WHAT YOU NEED TO DO: Give back an exact copy of the lines in the records below, from the line that has "Kessel offers the" through the line that has "WMF Germany Silverplate", and nothing besides.

SOURCE INFORMATION:
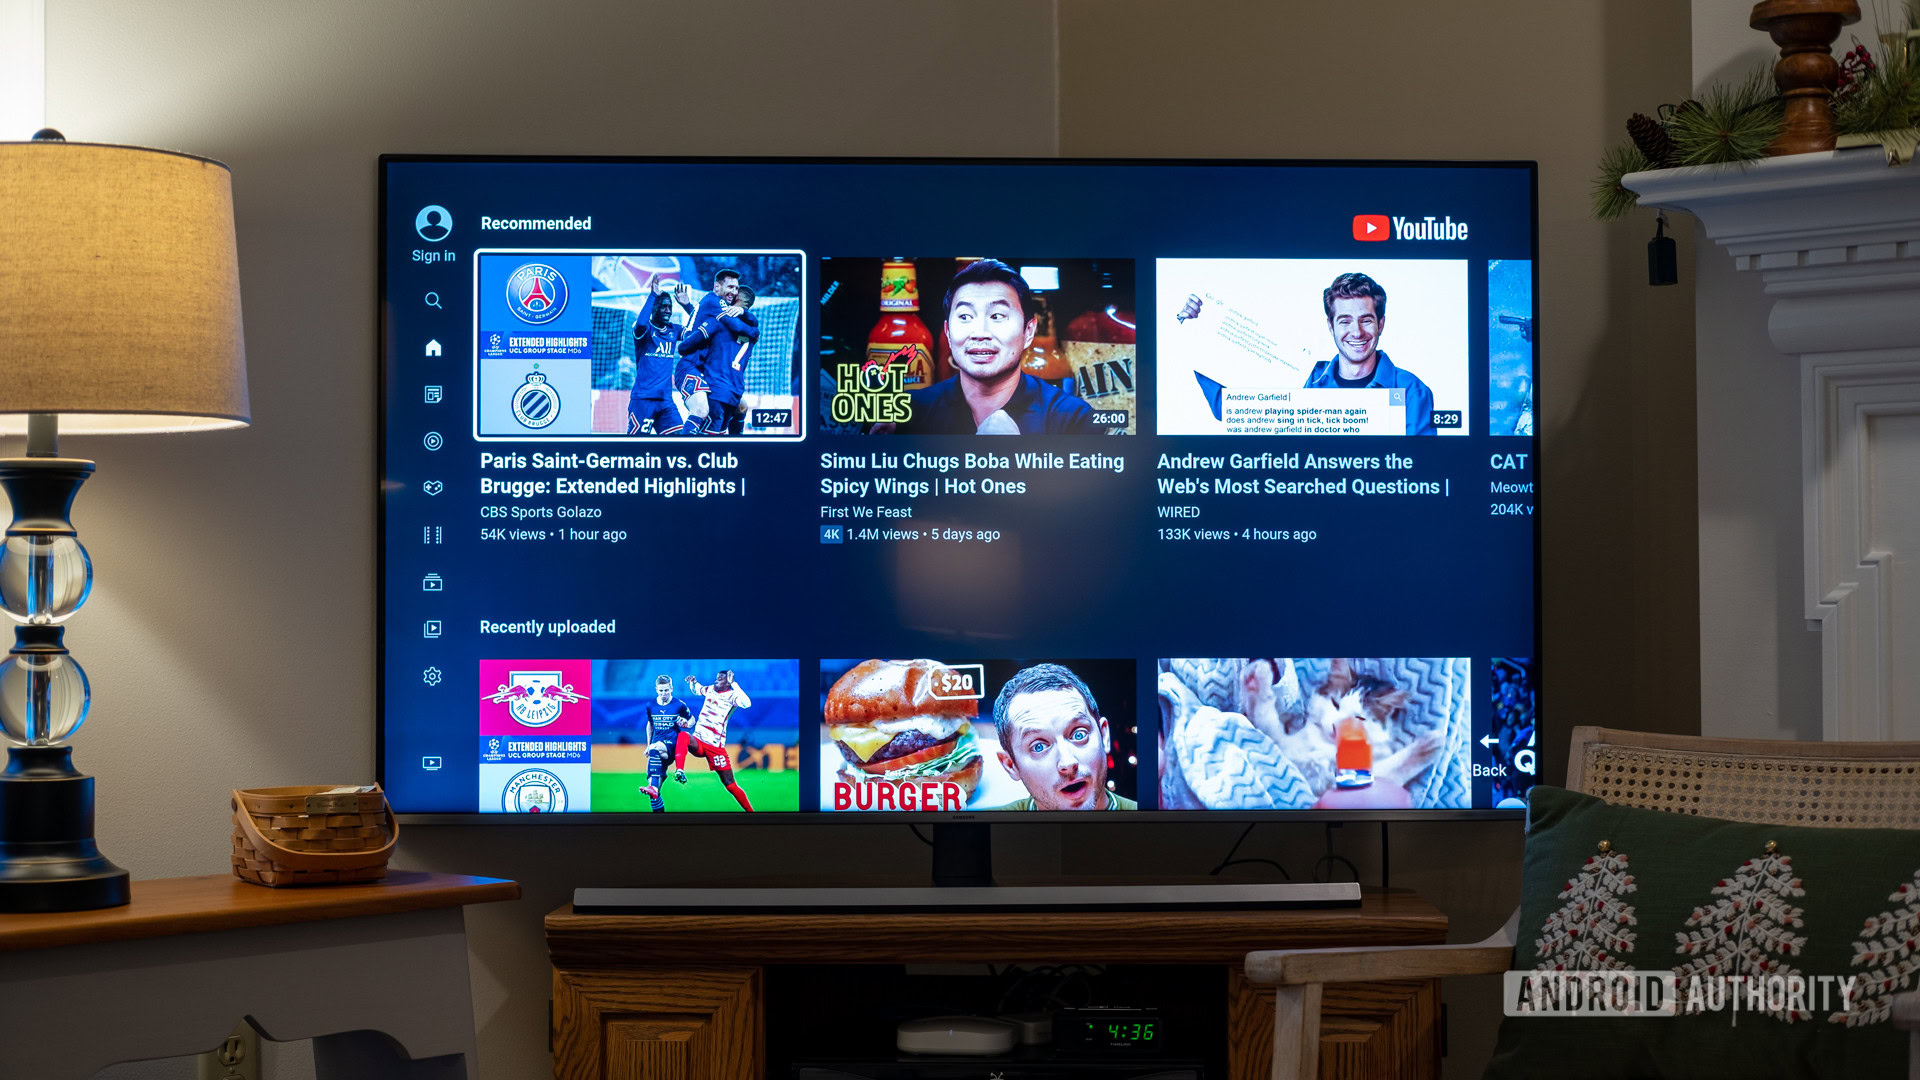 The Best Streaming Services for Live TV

==

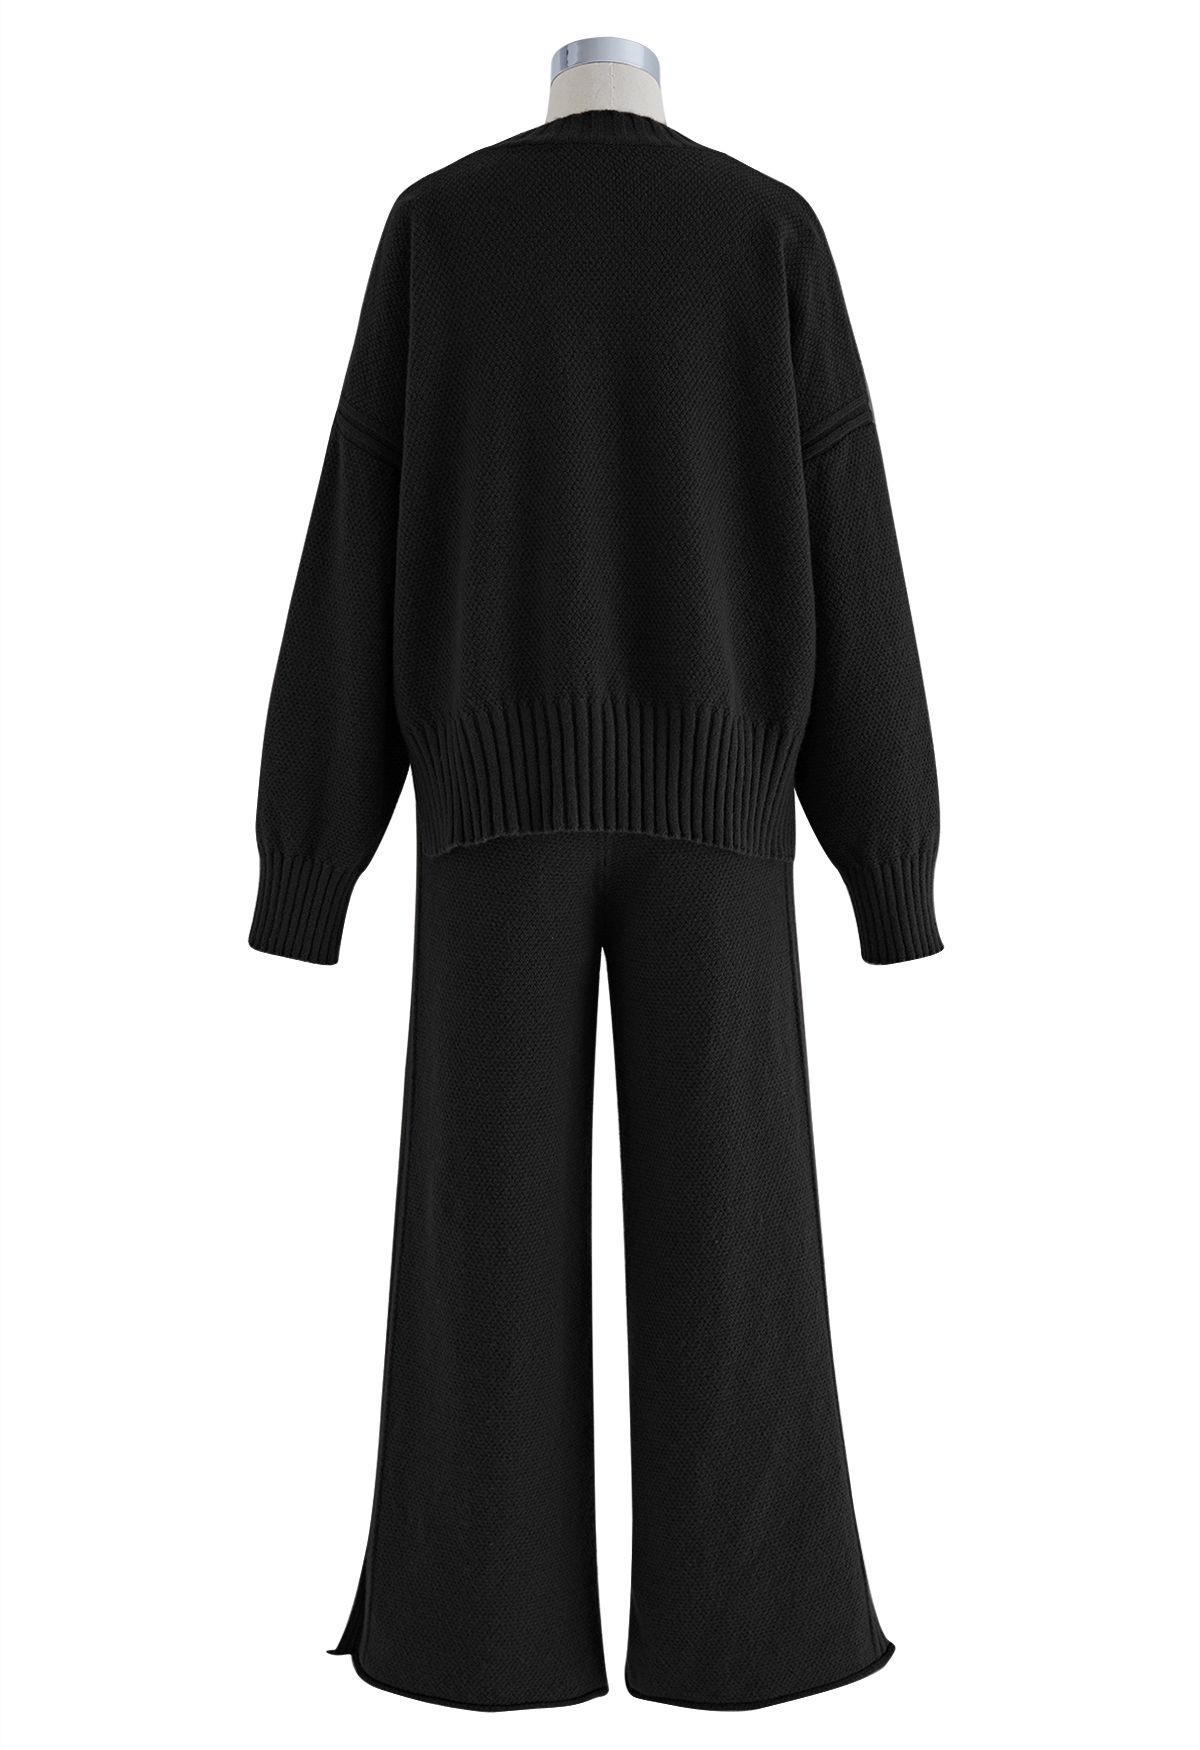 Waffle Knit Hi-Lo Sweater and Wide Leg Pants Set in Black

--

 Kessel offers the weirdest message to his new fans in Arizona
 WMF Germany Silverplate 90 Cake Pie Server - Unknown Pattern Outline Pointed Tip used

RESULT BELOW:
 Kessel offers the weirdest message to his new fans in Arizona
 WMF Germany Silverplate 90 Cake Pie Server - Unknown Pattern Outline Pointed Tip used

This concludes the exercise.